Monday, June 27, 2011

We Need to do Something about these Bananas

While in Minneapolis (land of many, many good book stores) I couldn’t help but pick up a book that I had heard about on Design Sponge while browsing at Magers and Quinn. I am currently reading it, A Homemade Life by Molly Wizenberg, and to be honest, at first I really didn’t like it. The structure of the book is a memoir that ends every chapter with a relevant recipe or two, sort of like how most food blogs work (and that’s how the author got her start). I couldn’t figure out why I didn’t like the book, after all I love stories and food, and this book combines both with humor and emotion.

After some thought I realized I didn’t like the book because I was jealous, and that’s a tough thing to admit. The author isn’t that much older than me and she’s much more accomplished and well versed in cooking. Did I mention that she spent considerable amounts of time in Paris and speaks French? And, oh isn’t Paris just wonderful? But really what it comes down to is that I would loved to have spent considerable amounts of time in Paris and speak French. Though I did learn to cook for myself in Dublin (and I can count to ten in Gaelic), much of my short time abroad was spent studying (shock!), adventuring, and focusing on the liquid culinary offerings of Ireland. If I really thought harder about it too, if I went to Paris now and spent most of my time eating at wonderful French bistros, cafes, and bouchons, I would probably fawn over the food too, and perhaps even don a scarf. With my jealousy aside I was able to read with an open mind and appreciate the meld of food and stories.

One vignette in particular that I enjoyed was about how the author struggled with improvising and straying from a recipe. For a time I was like that and I reveled in my carefully controlled little food world. Then Andy walked into my life and scoffed at my dedication to a recipe and can whip up a delicious dinner completely off the cuff. It takes practice to be able to improvise well, which sound a bit contradictory but it’s true. Figuring out what flavors go well together means cooking more and if something doesn’t work out, generally it’s still edible.

The following recipe is one that I improvised a bit (not much actually) and is taken from A Homemade Life. This is the first time I’ve made a recipe from a book that I was currently reading. Which goes to show you how wonderfully this banana bread was described. I improvised this recipe on purpose and on accident. I didn’t have candied ginger at the time, though I did have piece of ginger root. Initially I was going to candy my own ginger but that took more time than I wanted to devote to cooking. My second, accidental improvisation came when I realized there wasn’t enough liquid. Adding some more yogurt solved the dry problem. I thought everything was going well until I was sliding the loaf pan into the oven and discovered I hadn’t added the melted butter. There sat my melted butter on the stove, explaining without words why the loaf was a tad dry. In the interest of not wasting good melted butter I fashioned up a new bread recipe using the formula from the book. An accident of de-panning caused the bread to end up more like cobbler than bread, so a second attempt will be made before sharing that recipe with the world.
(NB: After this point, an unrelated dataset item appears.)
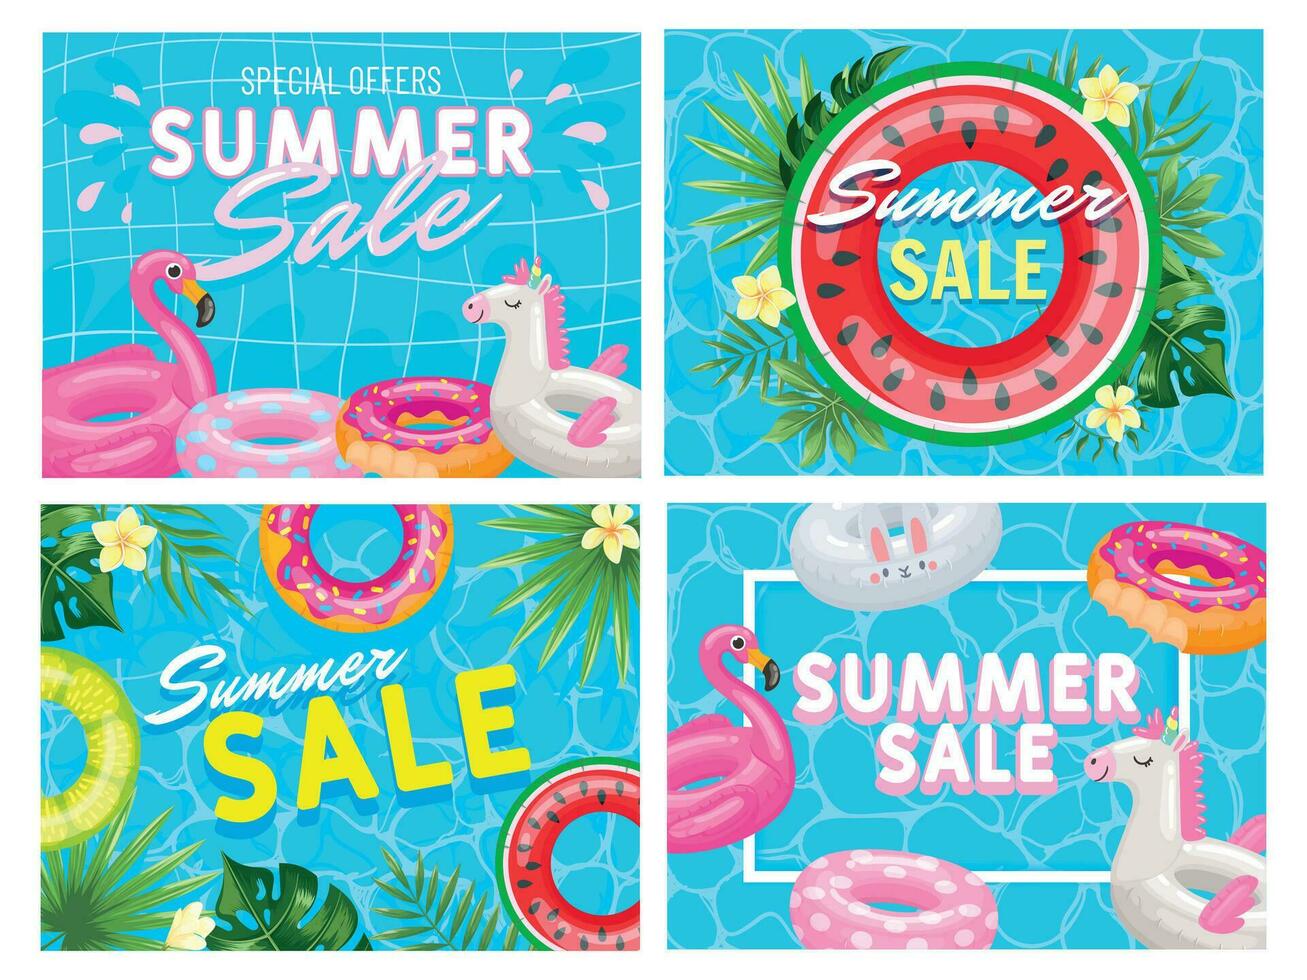 Summer sale banner. Summer pool deal flyer, fancy pink flamingo and watermelon floating ring special offer vector illustration set

Here is the delicious Banana Bread with Chocolate and Crystallized Ginger recipe from A Homemade Life.

6 tablespoons unsalted butter
2 cups unbleached all-purpose flour
¾ cup sugar
¾ teaspoon baking soda
½ teaspoon salt
¾ cup semisweet chocolate chips (I didn’t have much ginger, so I made up for it with 1 cup of chocolate chips)
⅓ cup finely chopped crystallized ginger (Here is where I used about 2 inches of fresh ginger root, minced)
2 large eggs
1 ½ cups mashed banana (about 3 large bananas)
¼ cup well-stirred plain whole-milk yogurt
1 teaspoon vanilla extract

The How To:
Preheat oven to 350 degrees. Grease a loaf pan (9 x 5)ish. In a small bowl melt your butter (we don’t have a microwave so I do it on the stove. Don’t forget about it!) Set aside to cool.

In a large bowl whisk together flour, sugar, baking soda, and salt. Add the chocolate chips and crystallized (or regular) ginger and whisk well to combine. Set aside.

In a medium bowl (let’s hope you have a set), lightly beat the eggs. Add the mashed banana, yogurt, melted butter, and vanilla; stir to mix well. Pour the banana mixture into the dry ingredients and stir gently, scraping the sides. Do not over mix. The batter will be thick and somewhat lumpy, but there should be no unincorporated flour. Scrape the batter into the prepared pan and smooth the top.

Bake until the loaf is a deep shade of golden brown and a toothpick comes out clean, 50 minutes to 1 hour. If it’s browning too quickly, make a tent over the top with tin foil. Cool the loaf in the pan on a wire rack for 5 minutes (10 might even be better). Let it cool completely before slicing (I did not wait and therefore my slices were smeared with melted chocolate. Yum!)

There are so many delicious recipes from this book that I’m just giddy with waiting to make them. Next up, this weekend I’ll be baking the Winning Hearts and Minds cake in honor of Independence Day and our Minnesota visitors! It sound decadent and I can’t wait.